Transplantation of filgrastim-mobilized peripheral blood stem cells from HLA-identical sibling or alternative family donors in patients with hematologic malignancies: a prospective comparison on clinical outcome, immune reconstitution, and hematopoietic chimerism.

作者信息

Beelen D W, Ottinger H D, Elmaagacli A, Scheulen B, Basu O, Kremens B, Havers W, Grosse-Wilde H, Schaefer U W

机构信息

Department of Bone Marrow Transplantation, University Hospital of Essen, Essen, Germany.

出版信息

Blood. 1997 Dec 15;90(12):4725-35.

PMID:9389688
Abstract

The clinical results, cellular immune reconstitution, and hematopoietic chimerism obtained after transplantation of recombinant human granulocyte colony-stimulating factor mobilized allogeneic peripheral blood stem cells (PBSCs) from genotypically human leukocyte antigen (HLA)-identical sibling (n = 36) or alternative family donors (n = 24) were prospectively compared in patients with hematologic malignancies. Thirty-two of 34 evaluable patients with HLA-identical sibling donors and all patients with alternative family donors achieved trilineage engraftment. The median time intervals to reach peripheral neutrophil counts <500/microL (13 v 17 days) or <1,000/microL (16 v 19 days) and unsupported platelet counts <20,000/microL (11 v 15 days) or <50, 000/microL (19 v 24 days) as well as red blood cell and platelet transfusion requirements were not significantly different between both patient subsets. The cumulative probability of grades II through IV acute graft-versus-host disease (GVHD) for the 60 study patients was 48% +/- 10% but ranged between 86% +/- 12% in patients whose donors had at least one HLA-A,B,DR,DQ,DP antigen disparity in direction to acute GVHD, and 25% +/- 9% in recipients of GVHD-matched transplants (P < .003). The 2-year survival estimates were 54% +/- 10% for patients with alternative family donors and 65% +/- 9% for patients with HLA-identical sibling donors. Multivariate analysis identified the pretransplantation disease stage, patient age, and acute GVHD as independent predictors of overall and disease-free survival, whereas alternative family donors alone had no adverse effect on these clinical endpoints.

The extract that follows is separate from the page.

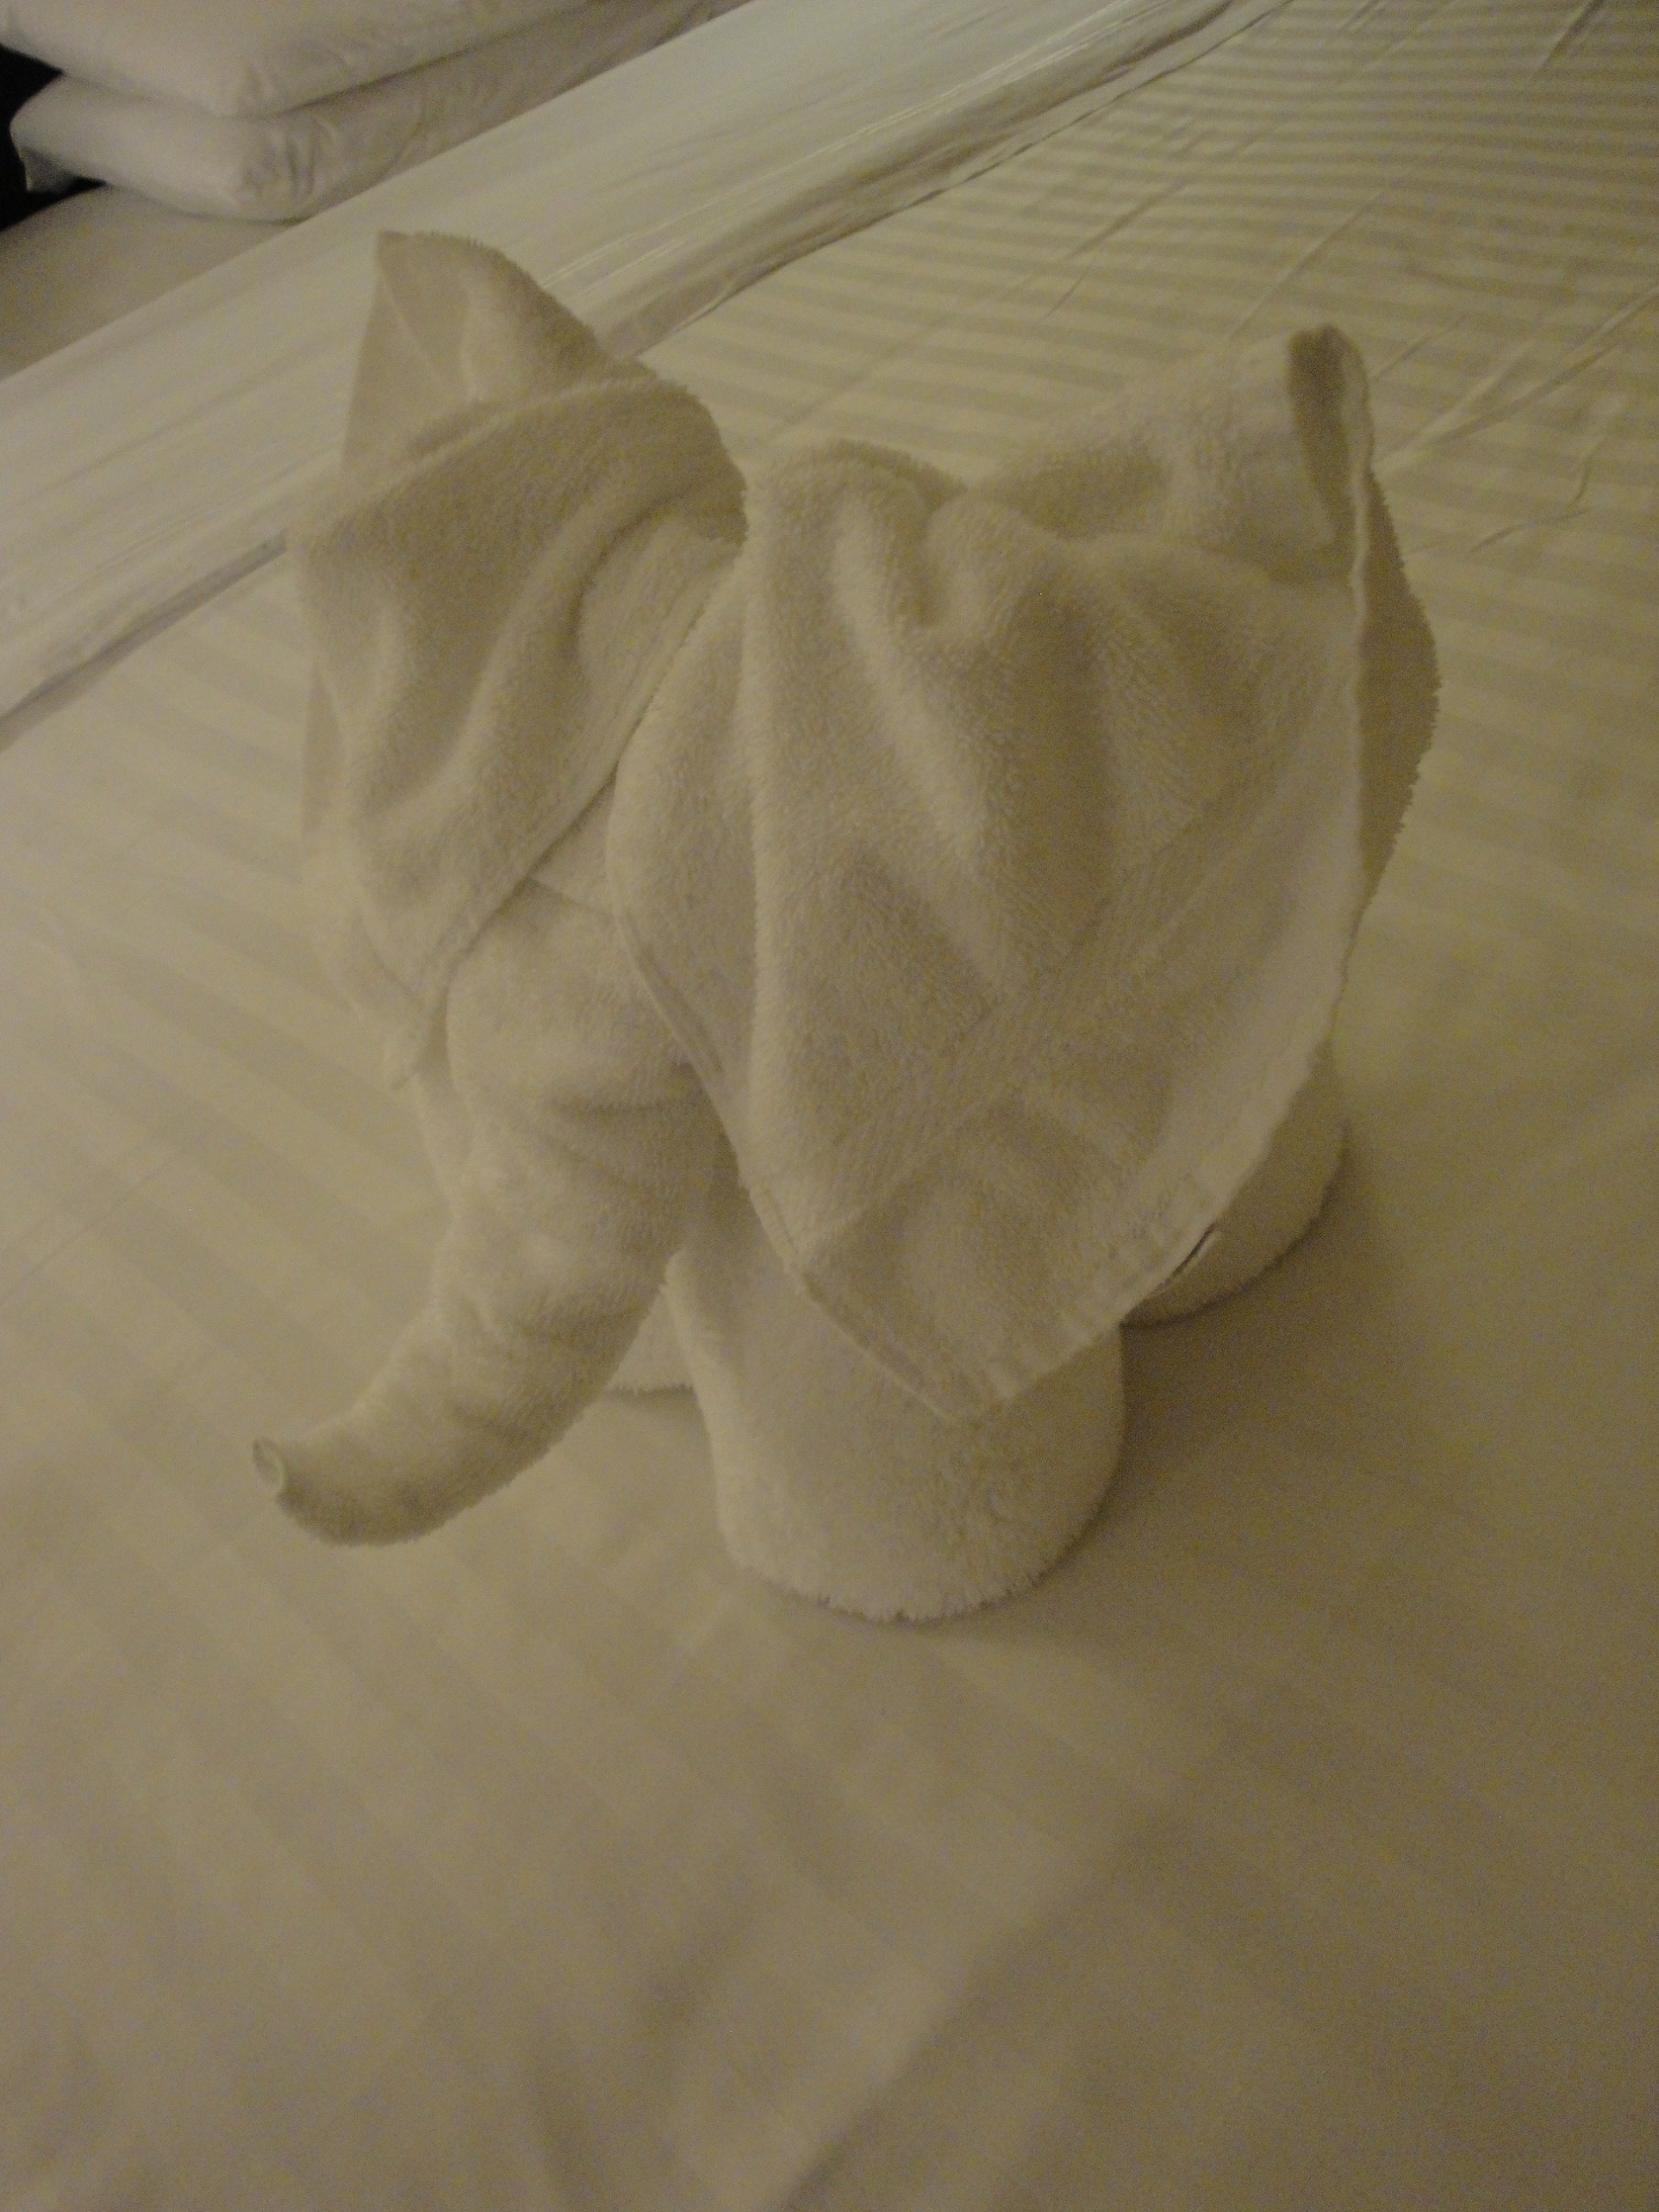 Towel Animals on Royal Caribbean Ships - Elephant

Monthly monitoring of peripheral blood T-helper cell subsets, B cells, and monocytes during the first year posttransplantation showed a nearly identical course of immune cell reconstitution in both patient subsets. In addition, no differences in the proportions of complete chimeric patients were detectable between the two patient subsets by sex chromosome and variable number of tandem repeats analysis up to 12 months posttransplantation. In conclusion, PBSCs from alternative family donors represent an attractive source for allogeneic transplantation in patients lacking HLA-identical sibling donors and should be further evaluated in comparison with marrow transplants from alternative family donors.

摘要

在血液系统恶性肿瘤患者中,前瞻性比较了来自基因型人类白细胞抗原(HLA)相同的同胞(n = 36)或其他家族供者(n = 24)的重组人粒细胞集落刺激因子动员的异基因外周血干细胞(PBSC)移植后的临床结果、细胞免疫重建和造血嵌合情况。34例可评估的HLA相同同胞供者患者中的32例以及所有其他家族供者患者均实现了三系造血植入。两组患者达到外周血中性粒细胞计数<500/μL(13天对17天)或<1000/μL(16天对19天)以及无支持的血小板计数<20000/μL(11天对15天)或<50000/μL(19天对24天)的中位时间间隔,以及红细胞和血小板输注需求均无显著差异。60例研究患者中Ⅱ至Ⅳ级急性移植物抗宿主病(GVHD)的累积概率为48%±10%,但在供者至少有一个HLA - A、B、DR、DQ、DP抗原与急性GVHD方向不一致的患者中为86%±12%,在GVHD匹配移植受者中为25%±9%(P < 0.003)。其他家族供者患者的2年生存率估计为54%±10%,HLA相同同胞供者患者为65%±9%。多因素分析确定移植前疾病分期、患者年龄和急性GVHD是总体生存和无病生存的独立预测因素,而仅其他家族供者对这些临床终点没有不良影响。移植后第一年每月对外周血T辅助细胞亚群、B细胞和单核细胞进行监测,结果显示两组患者的免疫细胞重建过程几乎相同。此外,在移植后12个月内,通过性染色体和可变串联重复序列分析,两组患者中完全嵌合患者的比例没有差异。总之,对于缺乏HLA相同同胞供者的患者,来自其他家族供者的PBSC是异基因移植的一个有吸引力的来源,应与来自其他家族供者的骨髓移植进行进一步比较评估。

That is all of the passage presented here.